Bychowski said Geraldo’s staff members had wormed their way inside her house earlier in the day. They began by asking if they could do a feed from the backyard; then they wanted to move onto the patio. Bychowski agreed. Afterwards, they asked if Geraldo could actually sit at her kitchen table but leave the booms and equipment outside. Again, she agreed.

“But now the booms are inside,” Bychowski said. “So it gets crazier and crazier. Finally they say, ‘We’re just going to do it, we’re just going to stand up.’” They took down a $300 lamp, to protect it from being hit by a boom. “And they moved my kitchen table. Now all the cameras are here, then he moved my husband’s chair. You’re kind of in the middle of it, what are you going to do?

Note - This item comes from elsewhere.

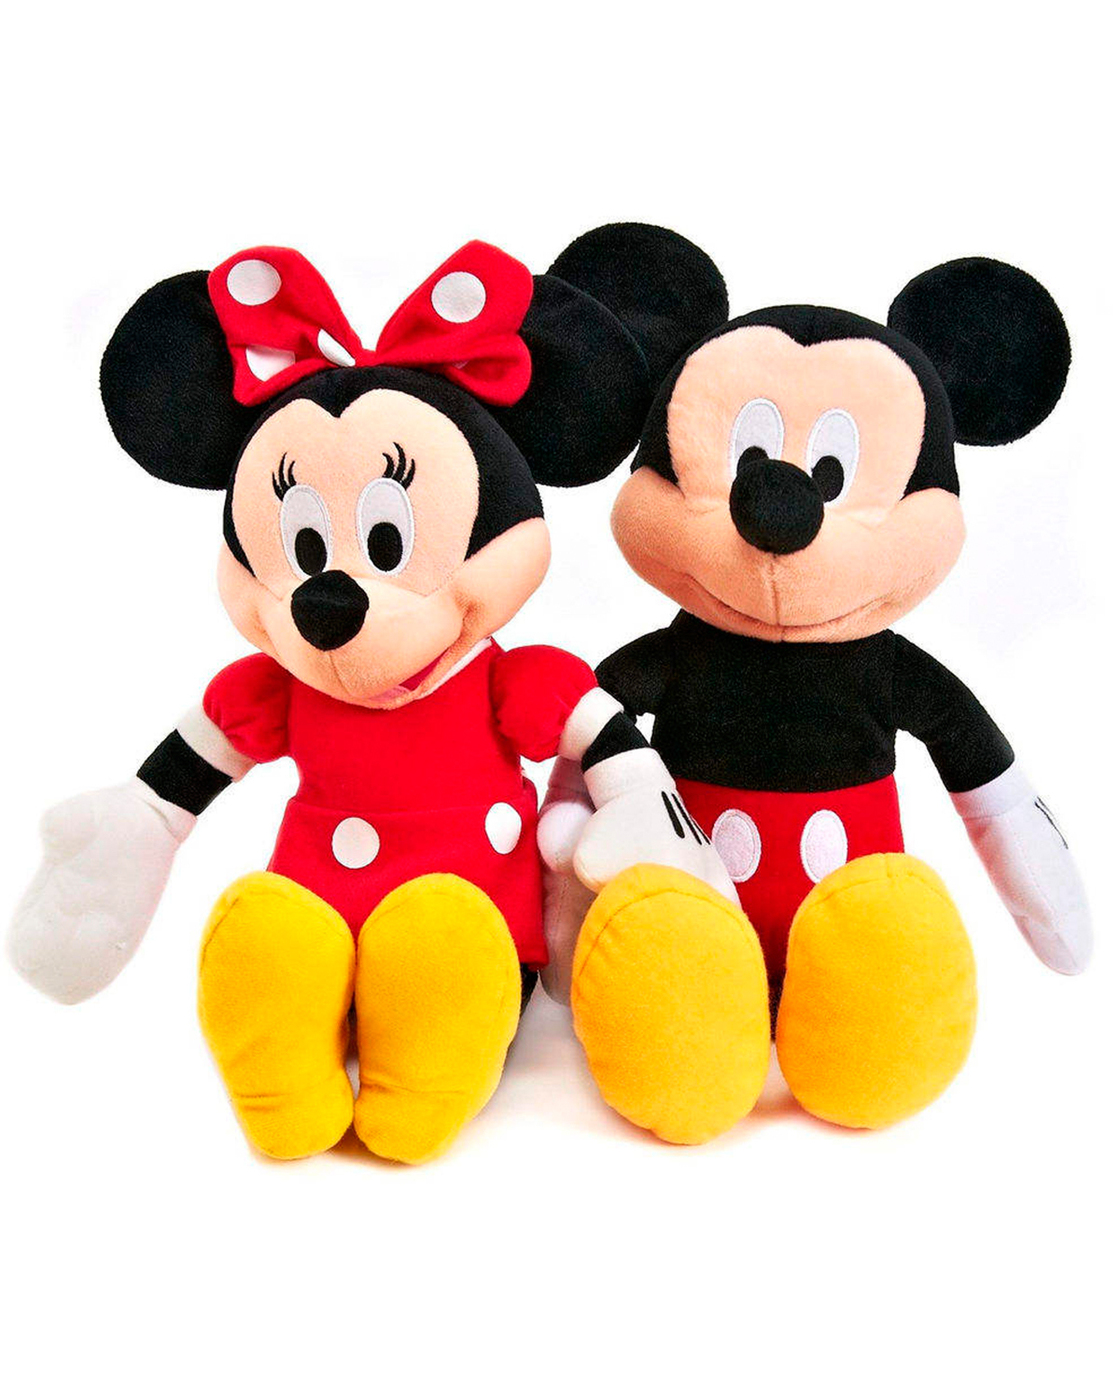 Мягкие игрушки Микки и Минни Маус Mickey Minnie Mouse, 2 шт. 35 см мягкая игрушка большой микки маус mickey mouse 120 см

You’re going to say no? He said, ‘I promise you, no matter what, we are going to put every single thing back where we found it. You will be absolutely one hundred percent happy when we leave.’ And we were. They were very nice. They called me the next day: ‘Did we put back everything we moved in your house? Is there anything we didn’t do? Is there anyone I can call for you? Cleaning? Did you check out everything?’”

Everything, Bychowski said, checked out just fine.

Bychowski had spent the previous night in a La Quinta hotel to get away from all the media lunacy on the street—and from Peterson, who she says was shouting at her over their fence and standing at her window the night before that. When she returned to her home, the scene outside it had only grown more surreal.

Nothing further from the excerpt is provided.